An exact reproduction of the listing, minus the pictures, is the required output.

**COLLECTED DATA:**
'''
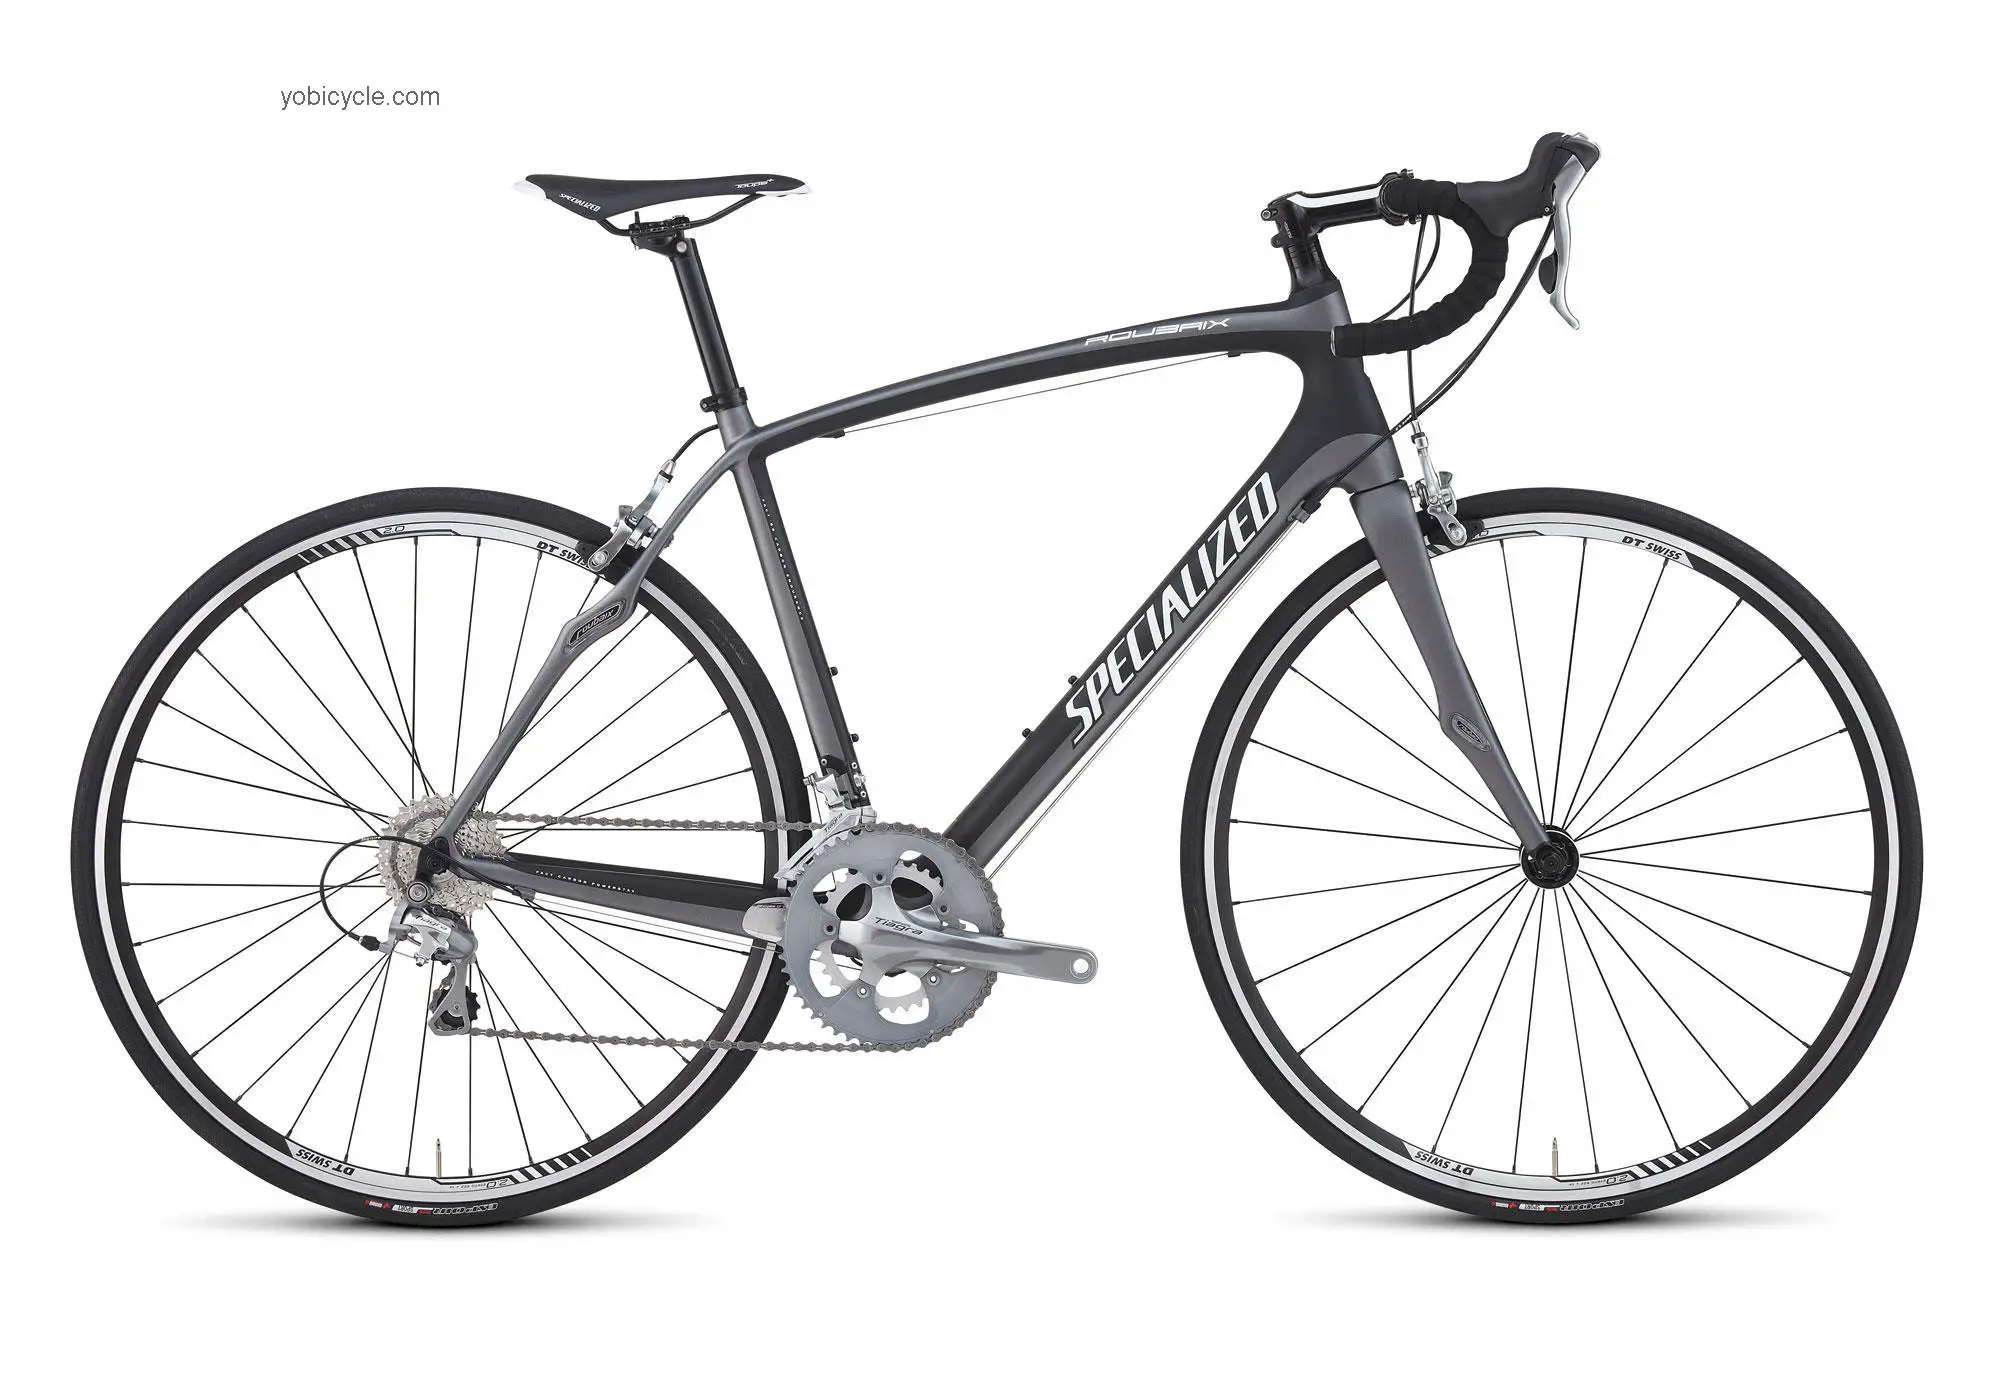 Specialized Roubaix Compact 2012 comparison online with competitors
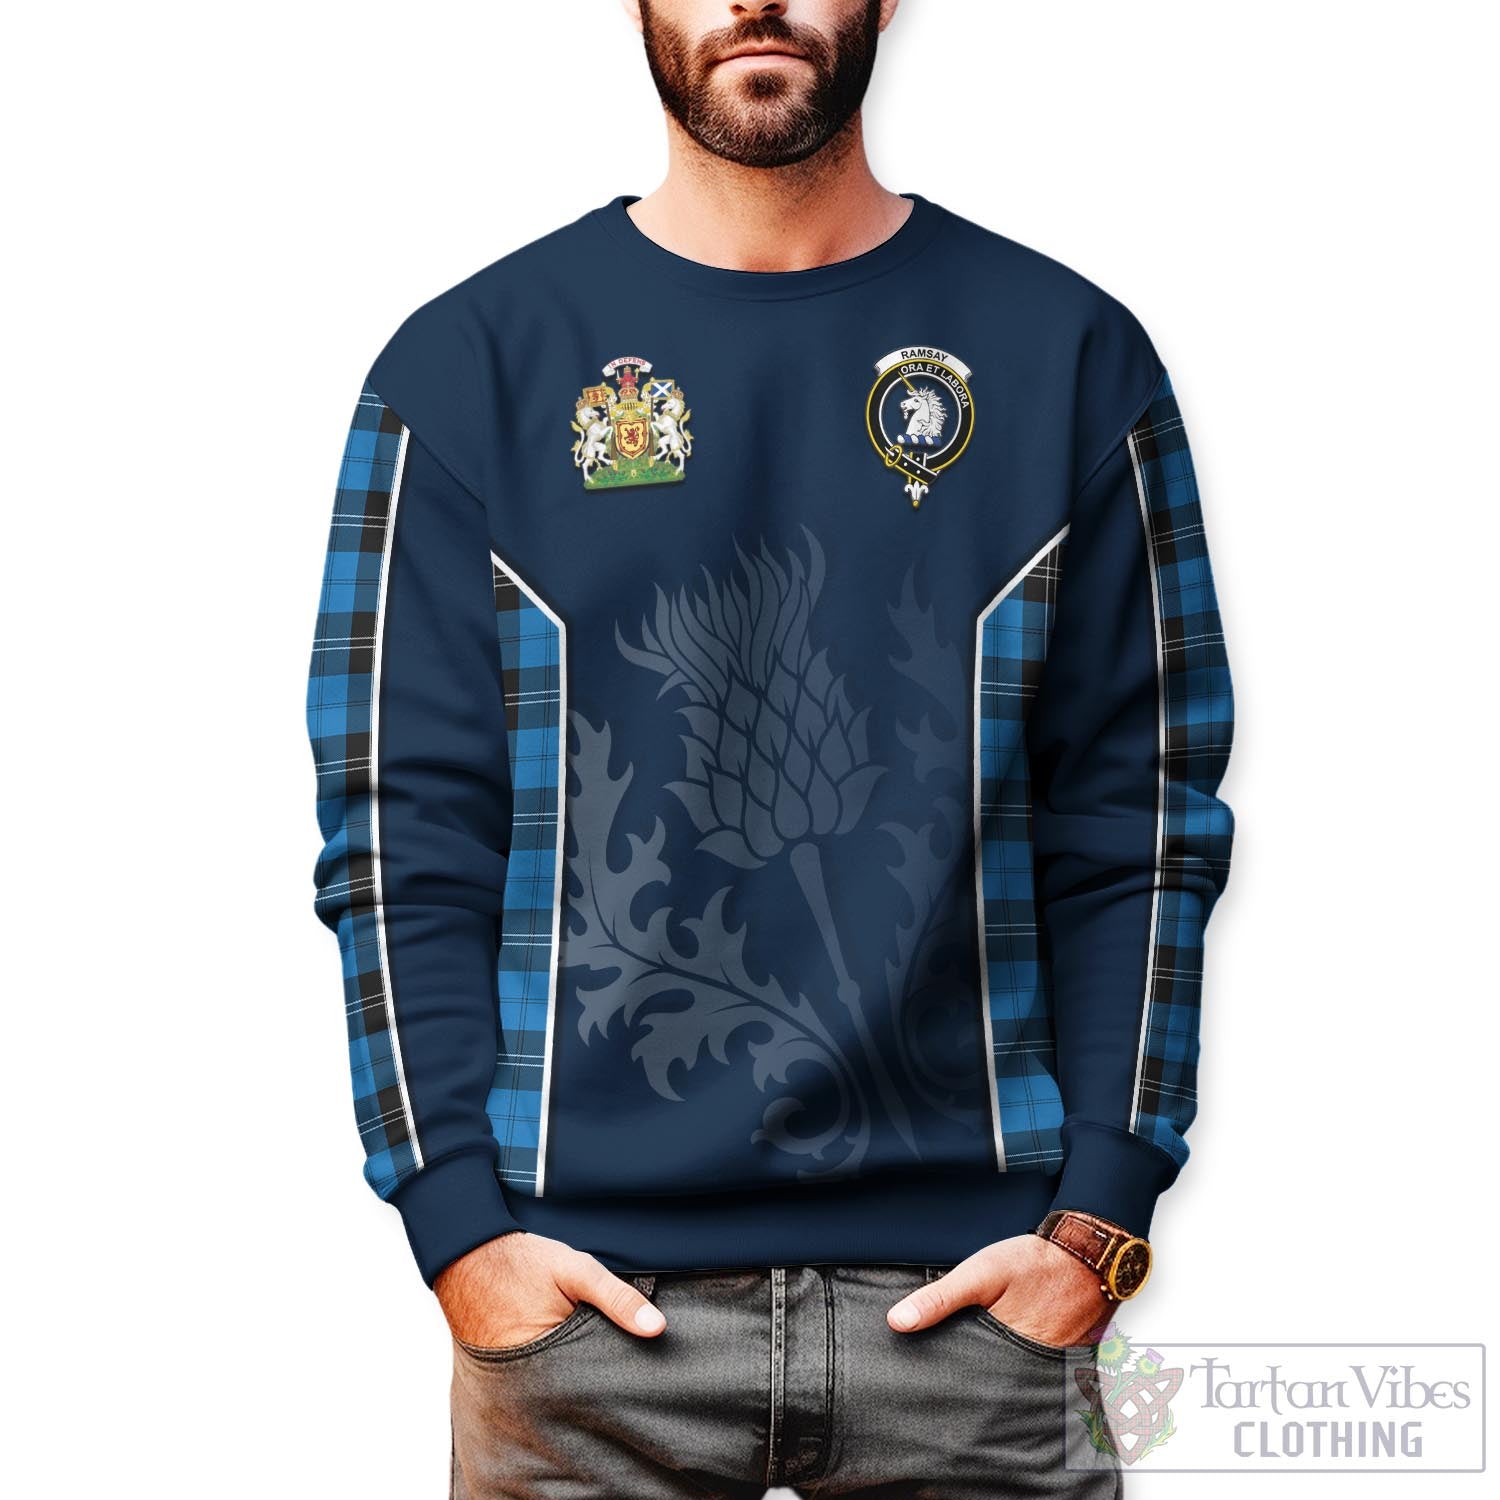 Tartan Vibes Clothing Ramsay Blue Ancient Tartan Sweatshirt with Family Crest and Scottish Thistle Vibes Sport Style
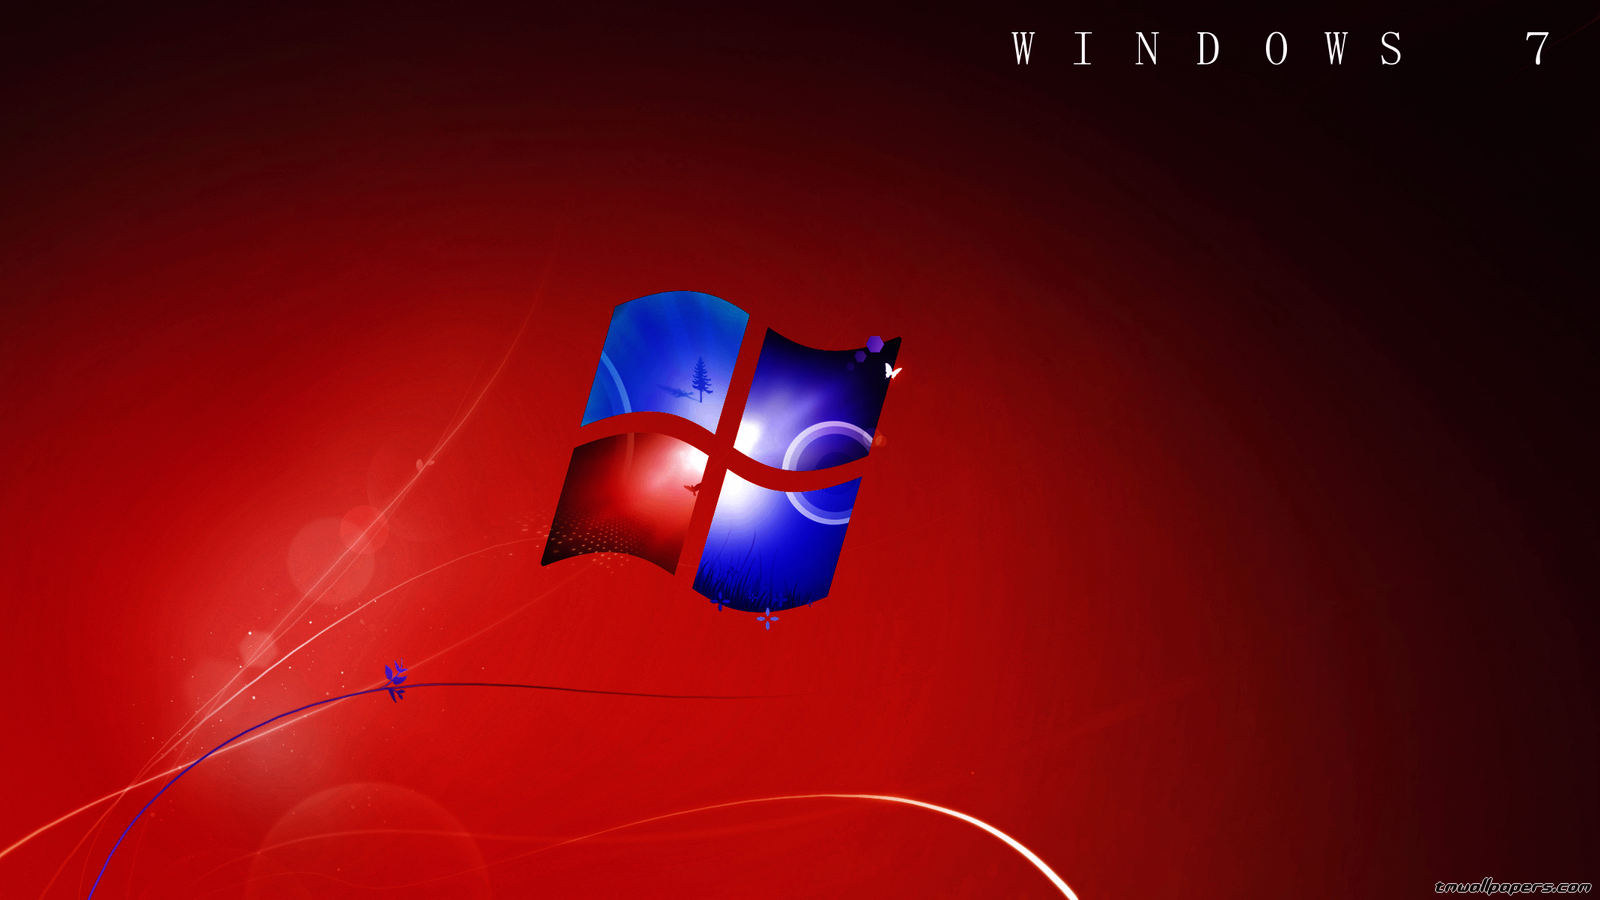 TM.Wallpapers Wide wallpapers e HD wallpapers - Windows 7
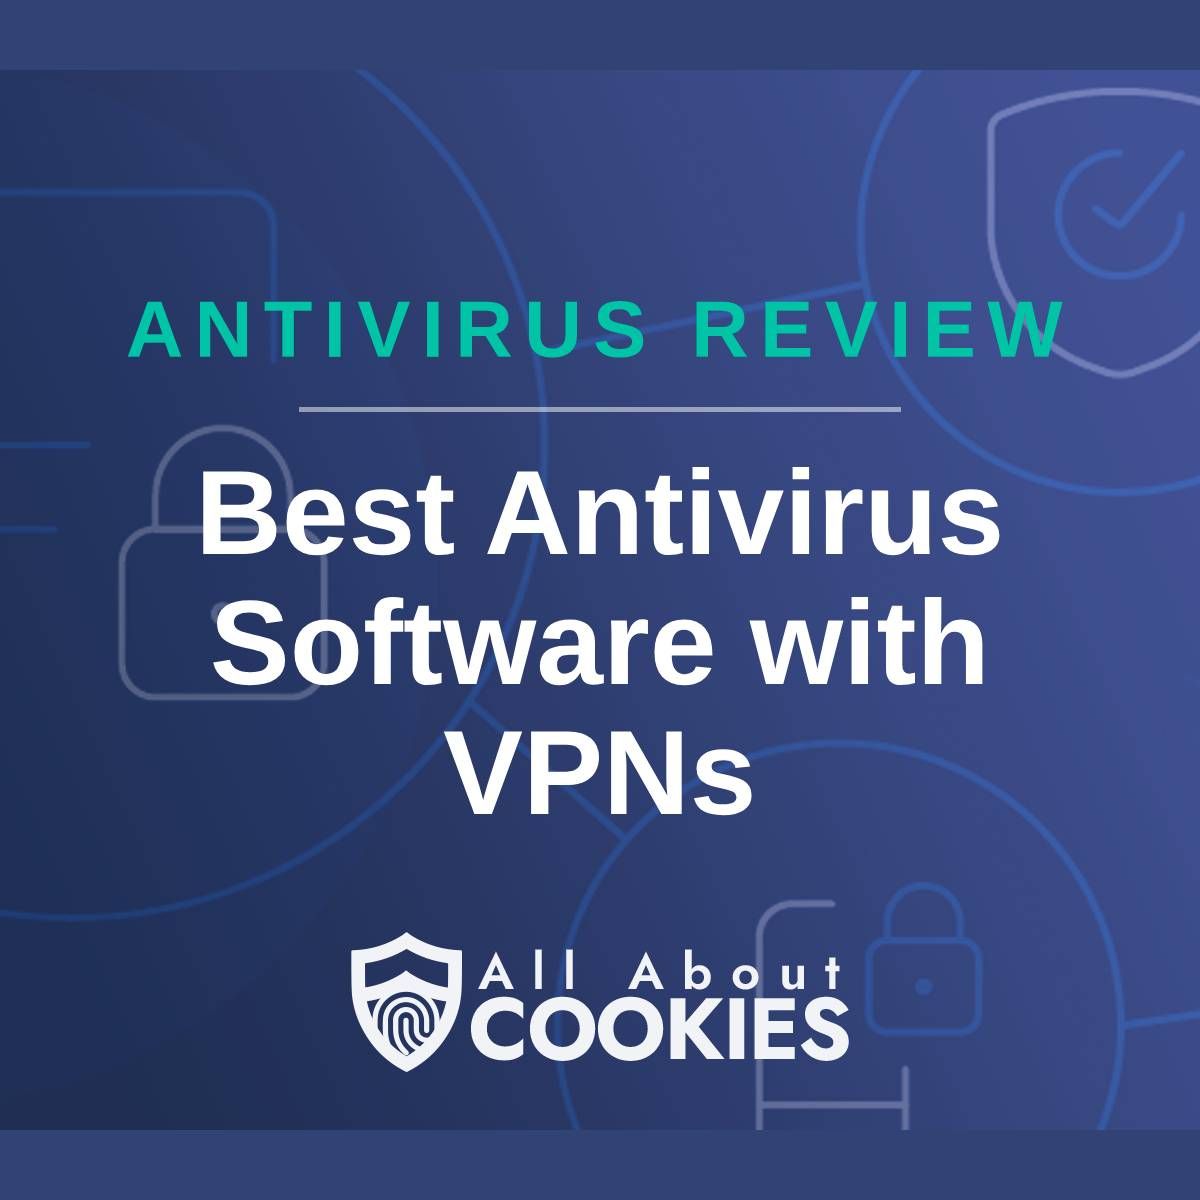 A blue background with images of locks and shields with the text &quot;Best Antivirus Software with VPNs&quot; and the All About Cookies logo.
'''
**WRITTEN SOLUTION:**
 Specialized Roubaix Compact 2012 comparison online with competitors
 Tartan Vibes Clothing Ramsay Blue Ancient Tartan Sweatshirt with Family Crest and Scottish Thistle Vibes Sport Style
 TM.Wallpapers Wide wallpapers e HD wallpapers - Windows 7
 A blue background with images of locks and shields with the text &quot;Best Antivirus Software with VPNs&quot; and the All About Cookies logo.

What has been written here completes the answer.